Cuando escribí sobre la manera en la que Lucy y yo nos apañábamos con la lactancia nocturna, sin la cuna de colecho, y sobre lo bien que habíamos hecho poniendo el colchón en el suelo, me llegaron preguntas por diferentes vías en relación a Súper Papá, a si dormíamos juntos, si cabíamos todos en el mismo lecho, si había algún peligro para Lucy haciendo colecho, si me iba a costar sacarla de la cama… Intentaré contestar todas las preguntas en varios post.

En esta entrada contestaré a por qué duermo con mi hija, y no por justificarme, porque en casa nos da igual lo que opine la gente; Lo cuento para normalizar algo que se ha hecho toda la vida, algo que es natural, y para que mi experiencia ayude a alguien si tiene algún tipo de reticencía por los comentarios o porque no quiere llevar la contraria a lo que se supone que se debe hacer, que a lo mejor el agotamiento de levantarse a atender al bebé a la cuna es muy grande y para que consiga dar el paso y dormir mejor.

Para empezar tengo que confesar que desde que Súper Papá volvió a trabajar después de su baja, que acumulando días fue un mes y medio, no dormimos juntos.

¡Oh Dios mío! ¡Sacrilegio! ¡Vuestra relación de pareja terminará! ¡El sexo se acabará!

Pues no, nada de eso. Estamos genial, mejor cada día, porque descansamos y dormimos bien TODOS, (Lucy también es importante en esta ecuación), y cuando necesitamos nuestros ratos de amor, buscamos el momento y el lugar, (si Lucy nos lo permite claro, ya digo que es un factor importante).

Asi que si, Lucy y yo dormimos juntas y solas.

Cuando Lucy nació, prácticamente los dos primeros meses lloraba desde las 7 de la tarde a las 6 de la mañana, hora arriba hora abajo, con esos dichosos “cólicos” que se solucionaron haciendo una dieta exenta en proteína de leche de vaca.
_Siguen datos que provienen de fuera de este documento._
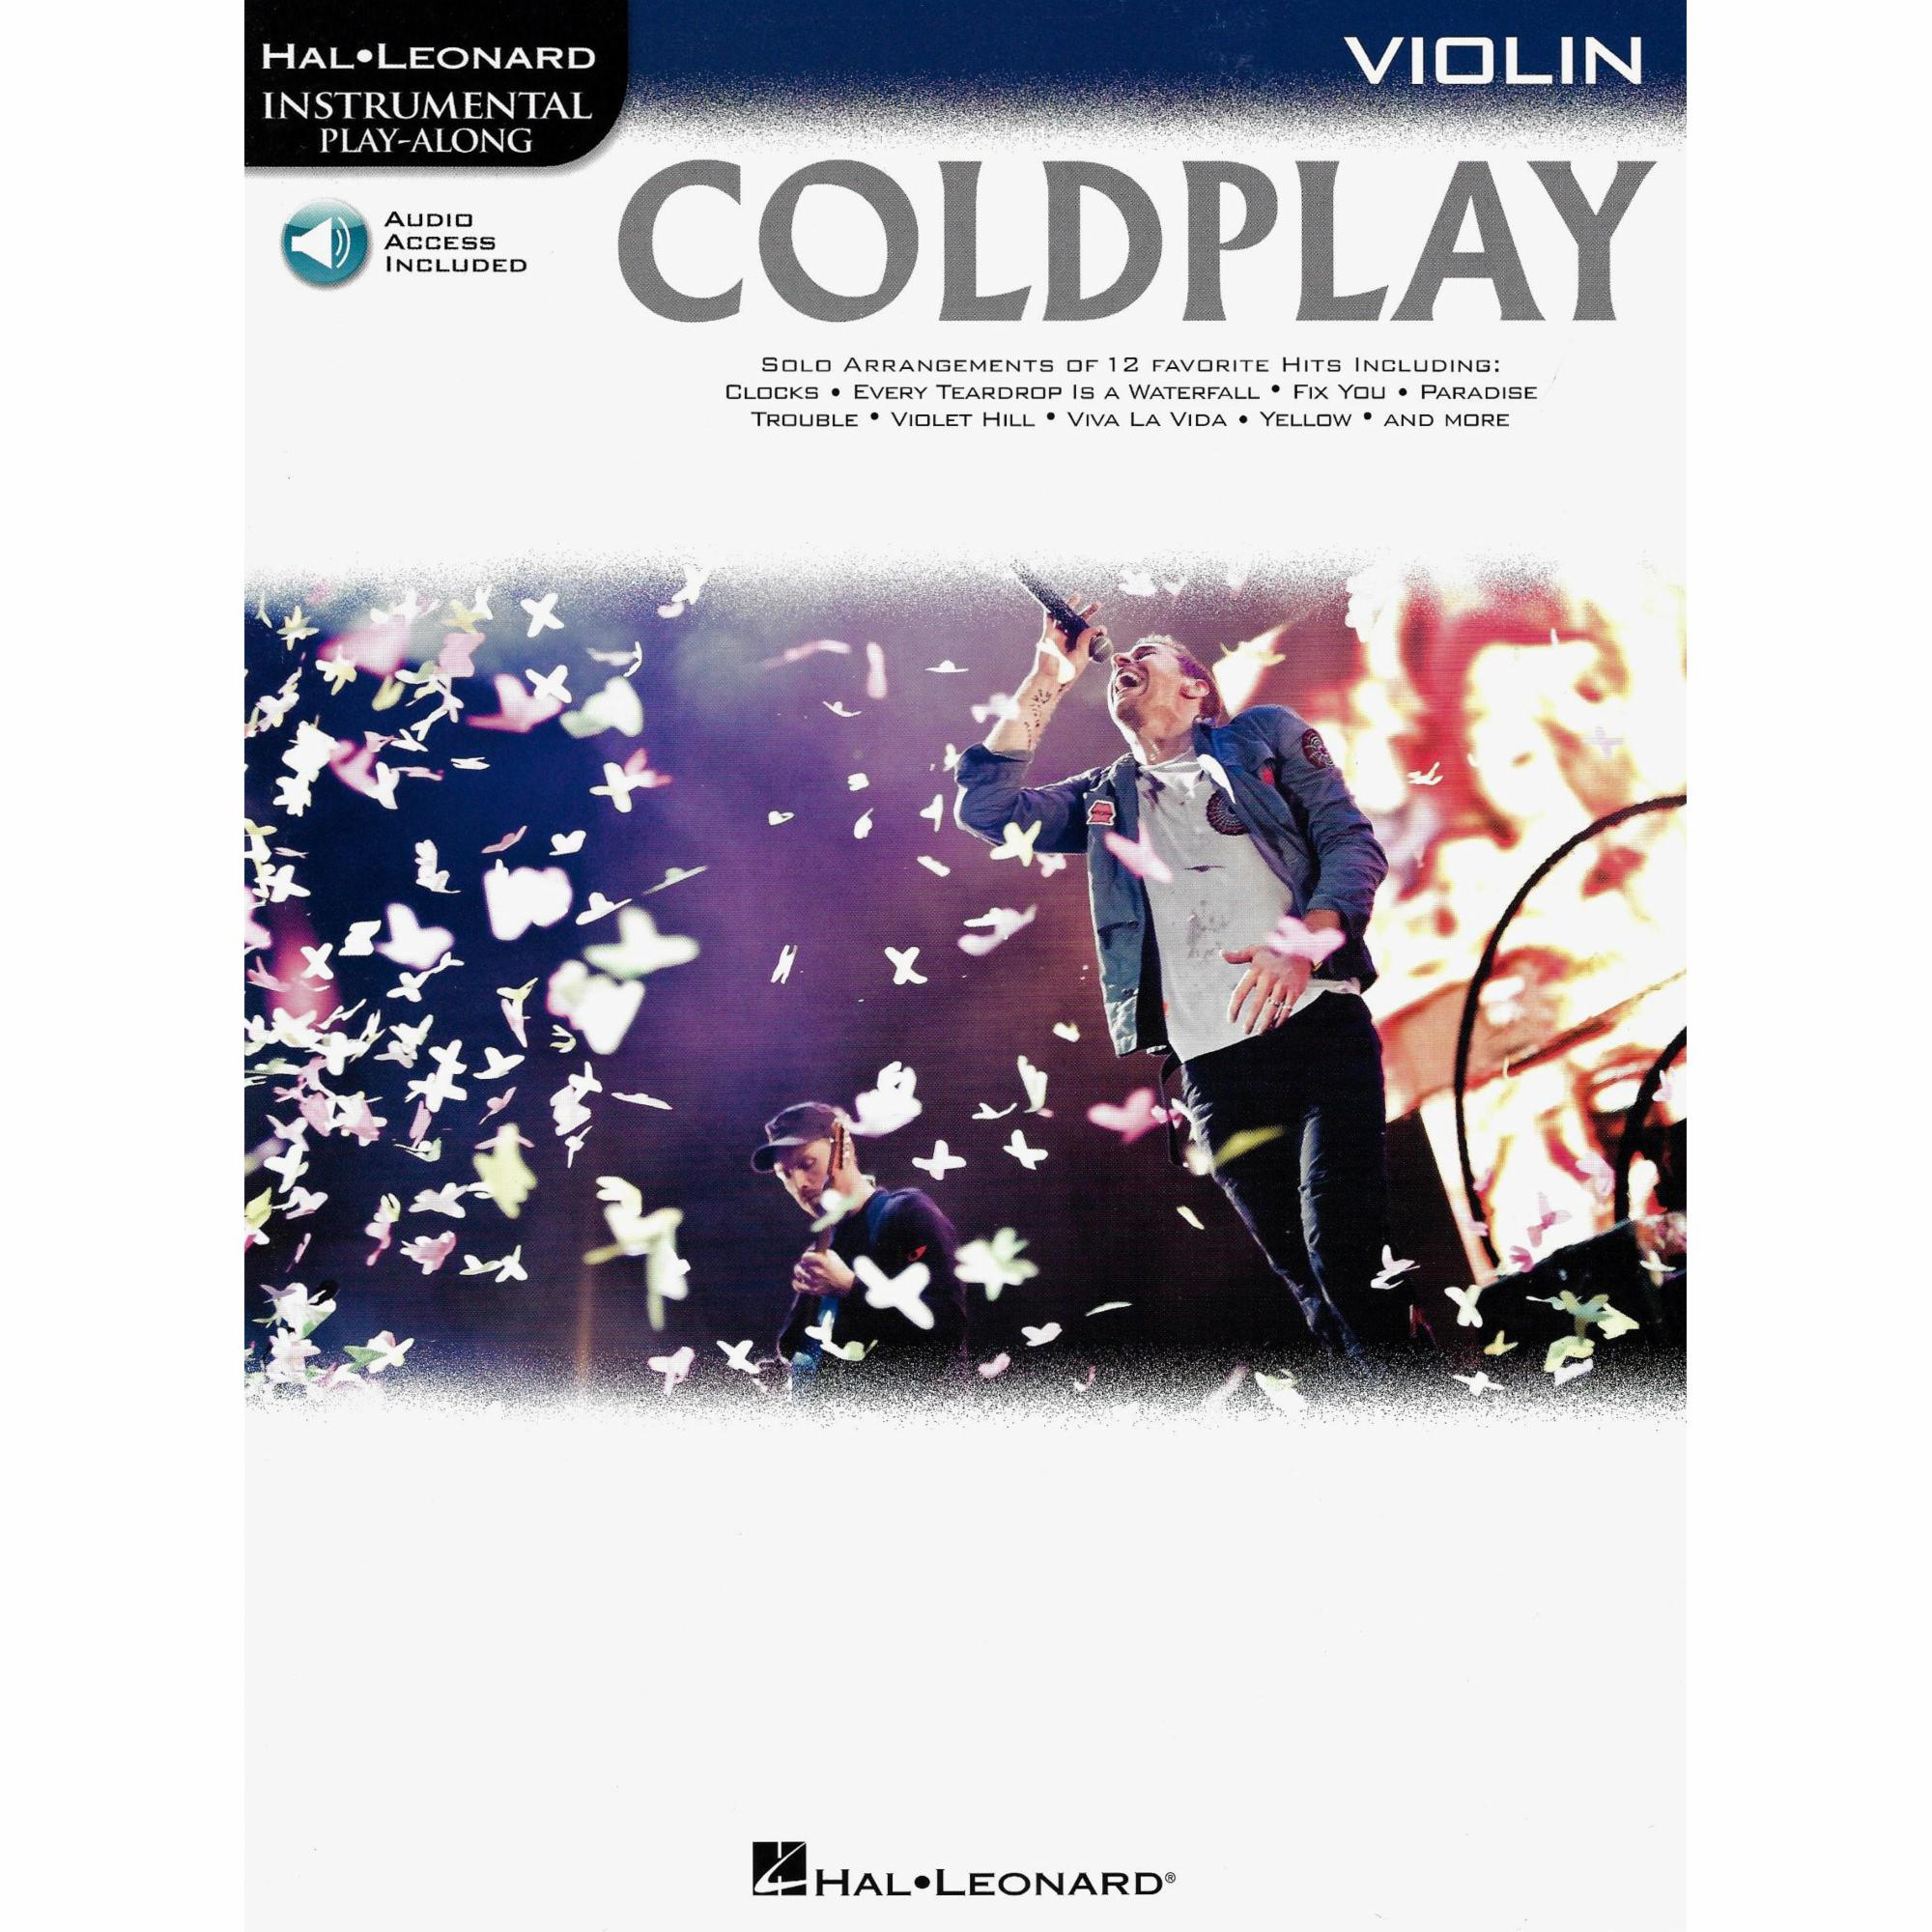 Coldplay for Violin, Viola, or Cello

Como hicimos colecho desde el primer día, nos acostábamos los tres en la misma cama porque entrábamos perfectamente, pero cuándo Súper Papá comenzó a trabajar, lo de no dormir y tener que trabajar todo el día se hacía bastante duro.

Además Lucy hacía muchos ruiditos por la noche, de los que yo ni me entero ahora ni me enteraba en su momento, y si me despertaba, le ponía el pecho y las dos a dormir plácidamente. Pero Súper Papá se quedaba en vela el resto de la noche. Es de sueño ligero, ¡qué vamos a hacer!

Entonces empezó a dormir en el sofá aunque yo le repetía cada día que subiese una cama que teníamos en el trastero. Él se resistía porque en el fondo lo que quería era dormir con nosotras. No conmigo solo, con las dos.

Pero los sofás no suelen ser muy cómodos y viendo Súper Papá que no iba a poder descansar como es debido, claudicó y subió el colchón y un tiempo después el somier, para adecentar la que era la habitación de Lucy porque no iba a ser una estancia temporal.

Este verano, ante el peligro de Lucy de caerse de la cama grande, nos cambiamos de habitación y de cama. Súper Papá ha vuelto a la de matrimonio y Lucy y yo estamos en su habitación en un colchón en el suelo rollo chill out total, con sus juguetes a mano y con toda la comodidad del mundo, sin peligros y juntas para dormir bien toda la noche aún dando el pecho.

Durmiendo con Lucy de 40 semanas.

Y así estaremos hasta que Lucy se destete por la noche. He tenido un bebé para atender sus necesidades y de esta manera las atiendo sin parecer un zombie al día siguiente.

Este apaño que nos hemos montado está bastante bien pensado porque así Lucy no tendrá que irse a su habitación en un futuro ya que está en ella. Seré yo la que tendré que irme después de dormirla. Vaticino que en esa época dormiré mucho peor que ahora.

¿Echo de menos dormir con Súper Papá? Pues claro que si, nos gustaba y nos gusta dormir juntos muchísimo, y además dormíamos muy cómodos y no nos molestábamos el uno al otro. Pero más nos gusta descansar debidamente por la noche. Lo que realmente queremos, es llegar a dormir todos juntos en la cama grande. Puede que algún día eso ocurra.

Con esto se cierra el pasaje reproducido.